Chances are, you’re going to find confusion over key storage locations, unmaintained identity databases with old records, etc. With a segmented security model, it’s easy for manual tasks like key swaps and updating identity databases when things change (new partner organization, a user leaves the bank, etc.) to be missed. Security measures like a PKI don’t always integrate into existing back-end systems, leaving even more tasks to be completed manually.

What you may find is that many of these potential attack vectors can be eliminated by replacing the multi-layer model with an encryption solution that works on the application layer instead. By locking down messaging at this high level, you no longer need to be as concerned with transport layer security, etc.

Option Two: End-to-End Message Encryption

End-to-end (E2E) encryption like that offered by p≡p does just that, it works on the application layer, rendering encryption at other layers redundant and simplifying your security scheme significantly. Since the messages containing sensitive financial data are encrypted at the origin endpoint, and not decrypted until they arrive at the destination endpoint, there is no longer a need for encryption that operates at the transport layers (MQ, TLS, etc).

The P2P model also eliminates the need for centralized infrastructure. This enables fast deployment, simplified workflows, and less overhead costs for maintenance and support. Additionally, key, trust, and identity management can all be automated--further reducing the resources needed to successfully ensure the security of your financial messaging. In this scenario, all of your messages are covered across the entire back-office ecosystem, meaning that nothing can be sent, altered, or tampered with without your knowledge.

E2E encryption is lighter

Eliminating the need for additional infrastructure and a centralized management console takes a load off your network and your staff. There’s no PKI, no database server, and no key repository (e.g. key escrow servers). Those functions are now automated and take place at the application level on each protected device. All of that saves hardware costs, recurring software licensing fees, maintenance, and support costs. Plus, automation means workflows and existing business processes are unchanged, so a majority of your back-office users won’t notice the security measures unless they flag a potential issue.

E2E encryption is faster

Since each message is encrypted on the sending device and decrypted on the receiving one, there are no additional hops necessary to accomplish this crucial task. And by removing the hardware and software previously used for this, more messages can make their way to their destinations with less latency. This seamless integration with your existing back-office infrastructure also means no need for added bandwidth or cloud storage for databases, etc. saving you even more on the back end.

E2E encryption is easier

Workflows are essentially uninterrupted with E2E encryption. Once install is complete, each user goes about their day as they did under the PKI model. Only now they don’t have to deal with expired keys, disrupted connections to the key server, or crashes due to the sheer volume of messages needing to be encrypted. And since every message is encrypted by default, they also don’t have to worry about the security of the data within, no matter where it’s being sent.

That lack of disruption means workflows continue unhindered, with the end result being elevated productivity.

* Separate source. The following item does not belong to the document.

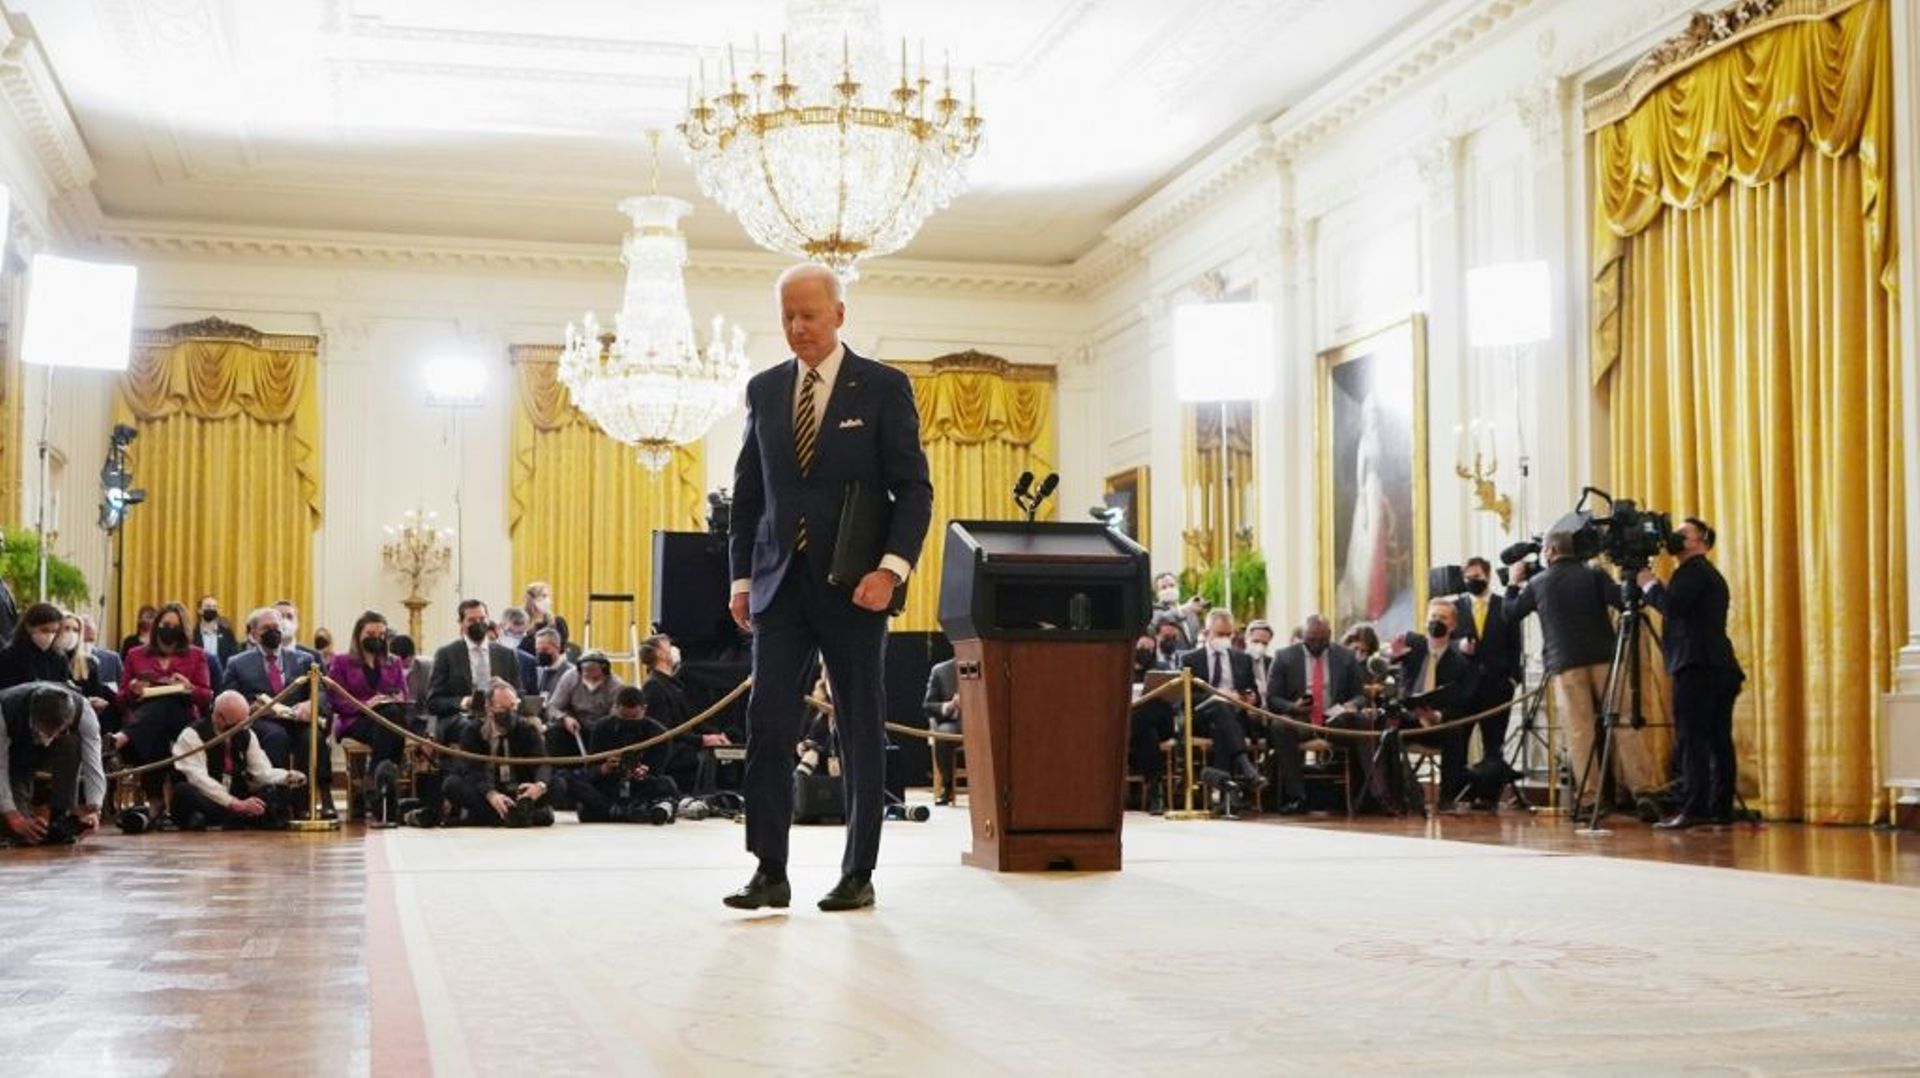 Joe Biden quitte les journalistes à la fin de sa conférence de presse à la Maison Blanche, jeudi 19 janvier 2022

And if you’re worried about regulatory compliance, read-only keys allow regulators to read dataflows and ensure compliance without exposing any of the data within.

Whether you’re trying to bolster your existing security in a way that will save costs and increase efficiency, or you’re starting from scratch or are looking at a full systems upgrade to get things to this level, a true end-to-end encryption solution like p≡p provides the only comprehensive option. You’ll save time, energy, and, crucially, money by reducing the footprint of your encryption scheme, and your organization will reap the benefits in improved productivity while your cyber security sees a boost in efficiency and effectiveness.